CLIP, used for classification and image similarity, generates “embeddings”. These embeddings are numeric representations of the semantic content of an image. The closer two embeddings are, the more similar the images they represent are.

With this property comes the potential to uncover many insights about a dataset through clustering. Using an algorithm like t-SNE, you can visualize all of the images in your dataset on a scatter plot. Similar images will be closer together; dissimilar images will be further apart. This visualization will give you an insight into the composition of your dataset.

You can use this plot with a secondary dimension, such as how a model performed on each image, to figure out whether there are particular clusters of images that perform more poorly on your data. If this is the case, you may not have enough images for a given use case, data may not be labeled correctly, among other reasons. CLIP can help you identify dataset issues, and you can spend time working to resolve any issues you have found.
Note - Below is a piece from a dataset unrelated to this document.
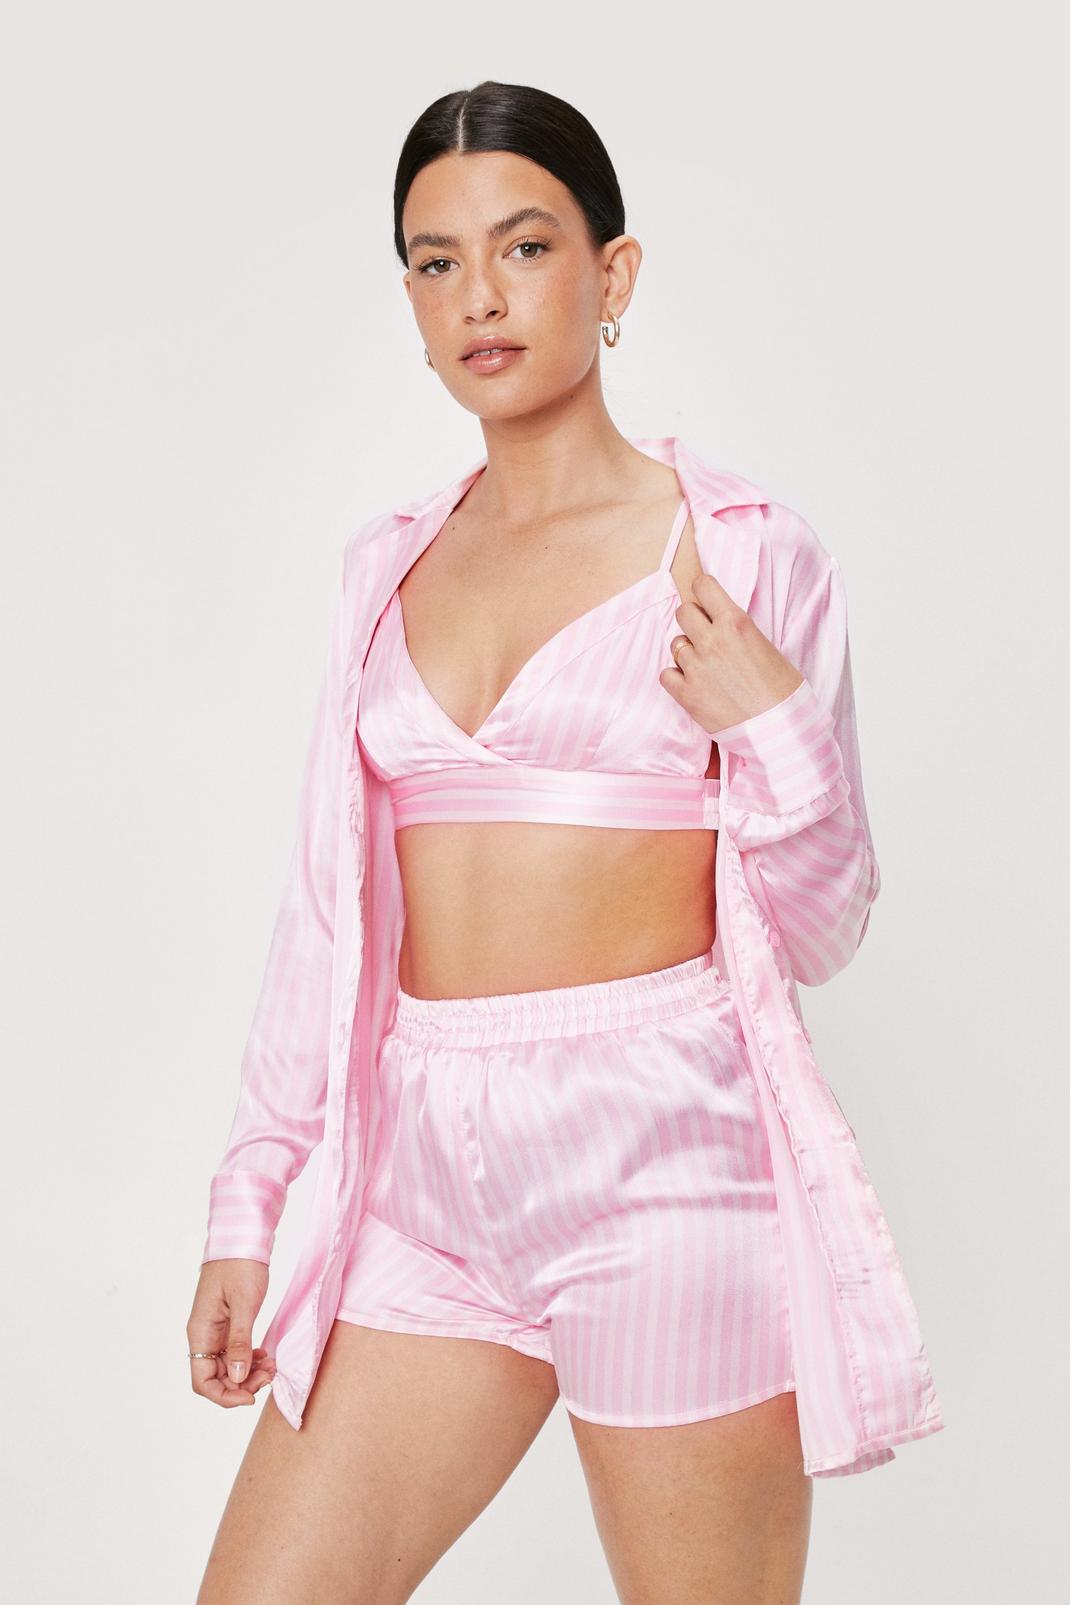 Petite Satin 3pc Pajama Shirt Shorts and Bralette Set

Roboflow has an in-app vector analysis tool you can use to understand model performance across images in your test dataset. The vector analysis tool is powered by CLIP, allowing you to see performance grouped into clusters by the semantic similarity of images.

We have also published a blog post and accompanying notebook that you can use to run your own vector analysis on a dataset.
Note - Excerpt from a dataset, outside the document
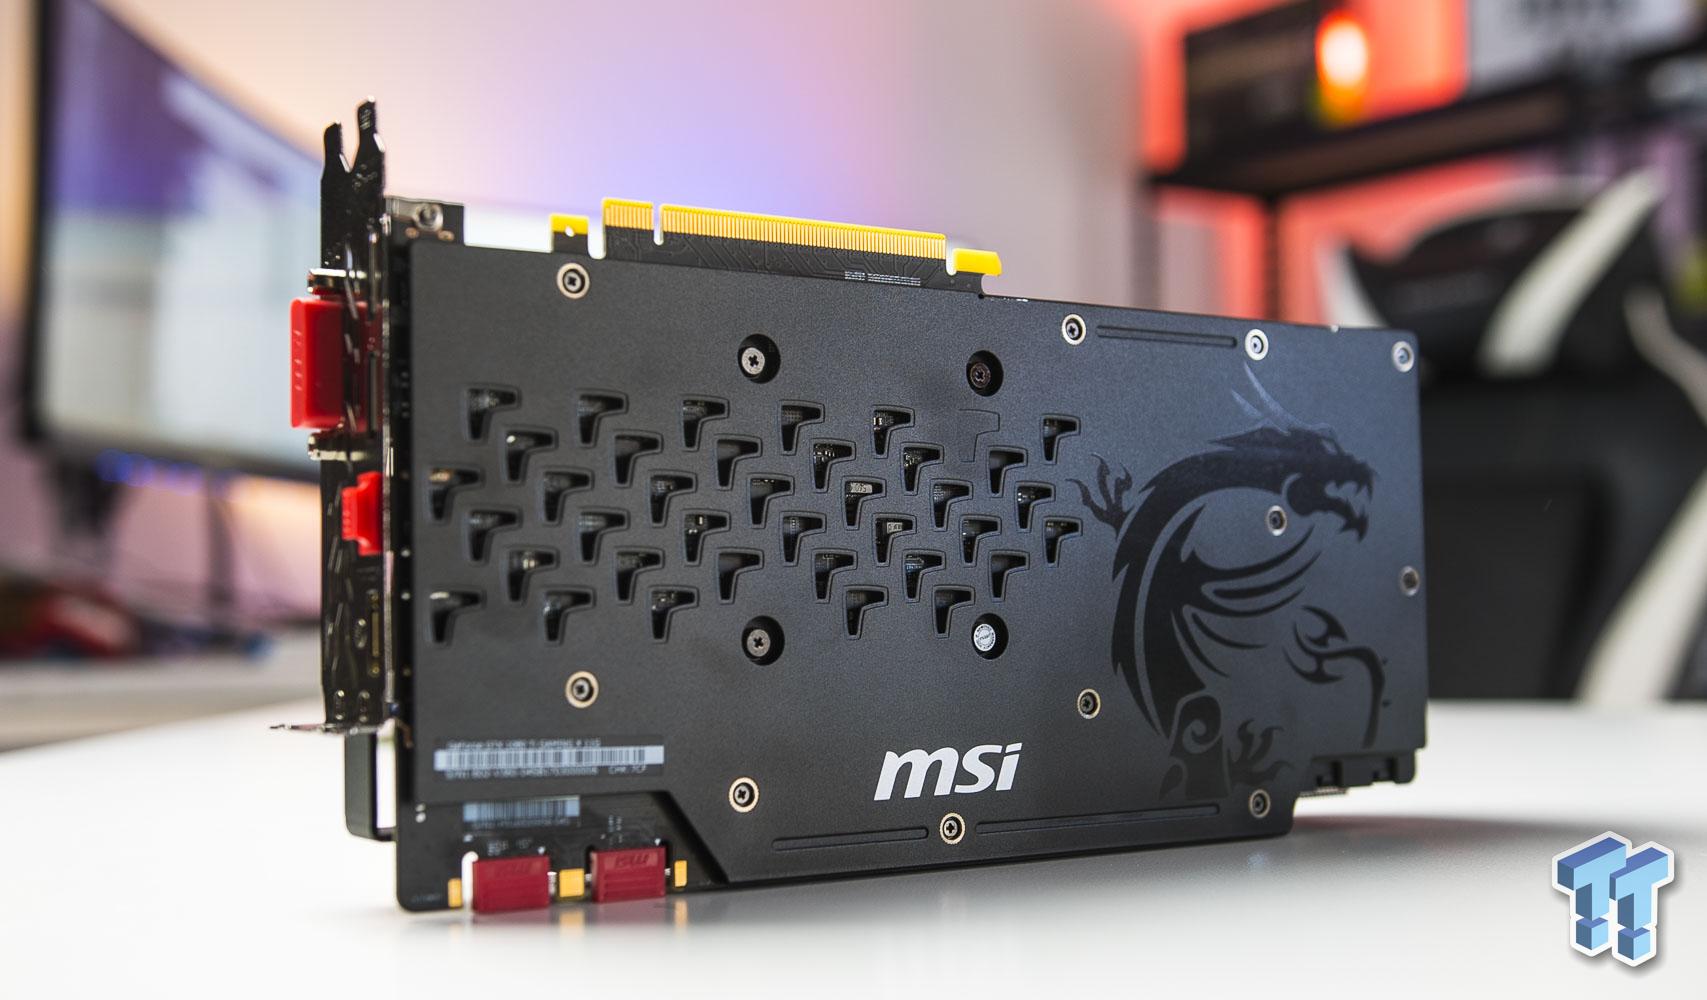 MSI GeForce GTX 1080 Ti Gaming X 11G Review - The Best! | TweakTown

More Use Cases for Foundation Vision Models

There are many more use cases for foundation vision models. The Roboflow team is always thinking about ways to use foundation models to solve business problems. Here are a few other use cases for foundation vision models:

  1. Classify frames in a video with CLIP. CLIP accepts arbitrary text labels, which is useful for zero-shot (no prior training) classification on video frames.
  2. Identify scene changes in a video with CLIP.
  3. Build a semantic image search engine with CLIP.
  4. Use a model out of the box for inference. This is useful if you have a limited range of images on which you want to run inference, or for experimenting.
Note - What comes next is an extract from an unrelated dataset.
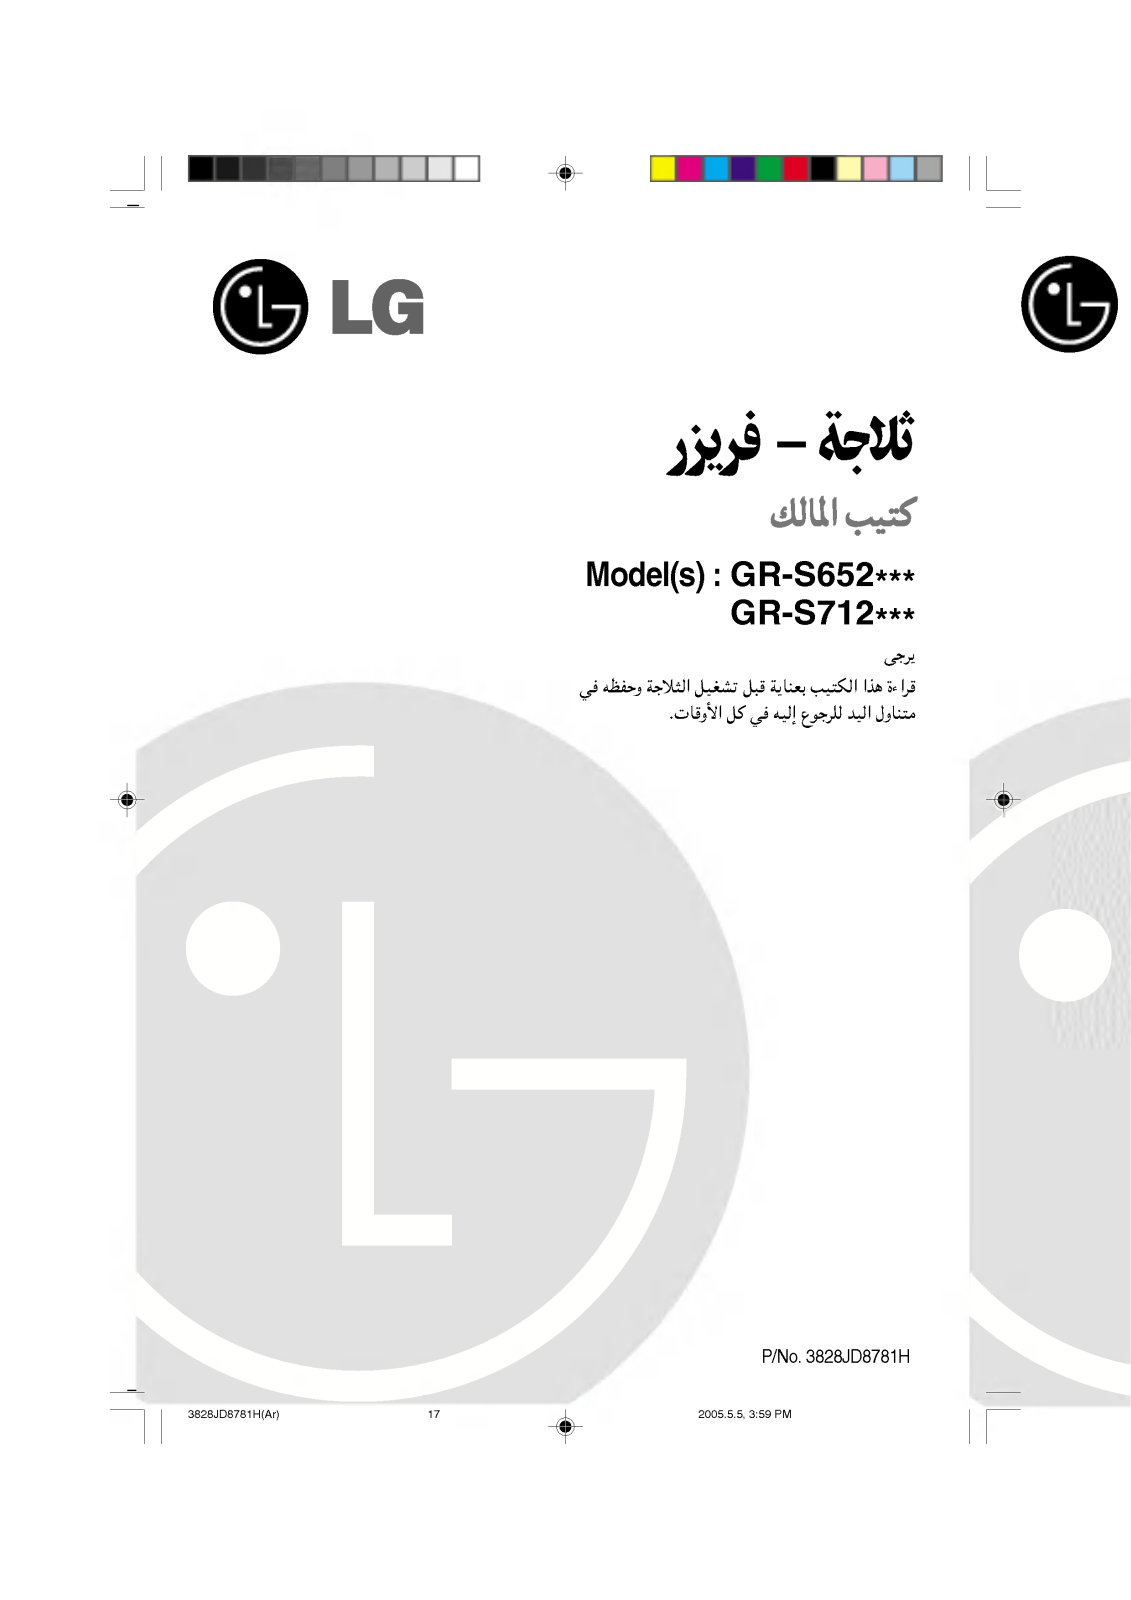 LG GR-S712ABQ Owner’s Manual

How to Use Foundation Models with Roboflow

Roboflow has a range of tools you can use to experiment with foundation models:

  1. Autodistill: With Autodistill, you can use CLIP, SAM, Grounding DINO, DINOv2, and other foundation models for labeling data automatically in a few lines of code (or a single command).
  2. Inference: Roboflow Inference has endpoints for using CLIP and SAM. This allows you to run inference with CLIP and SAM through a HTTP endpoint hosted in Docker. With Inference, you can have a single server manage all of your inferences.
  3. SAM-based Label Assist: You can use SAM for automated labeling in Roboflow Annotate, allowing you to label images faster than ever.

We also have free notebooks that show how to use various foundation models step by step.


Foundation vision models are playing a growing role in modern vision workflows. While foundation models may be unwieldy to use for inference on the edge, there are many practical situations in which they are useful.

There are foundation models covering object detection, classification, and segmentation, such as Grounding DINO, CLIP, and SAM, respectively.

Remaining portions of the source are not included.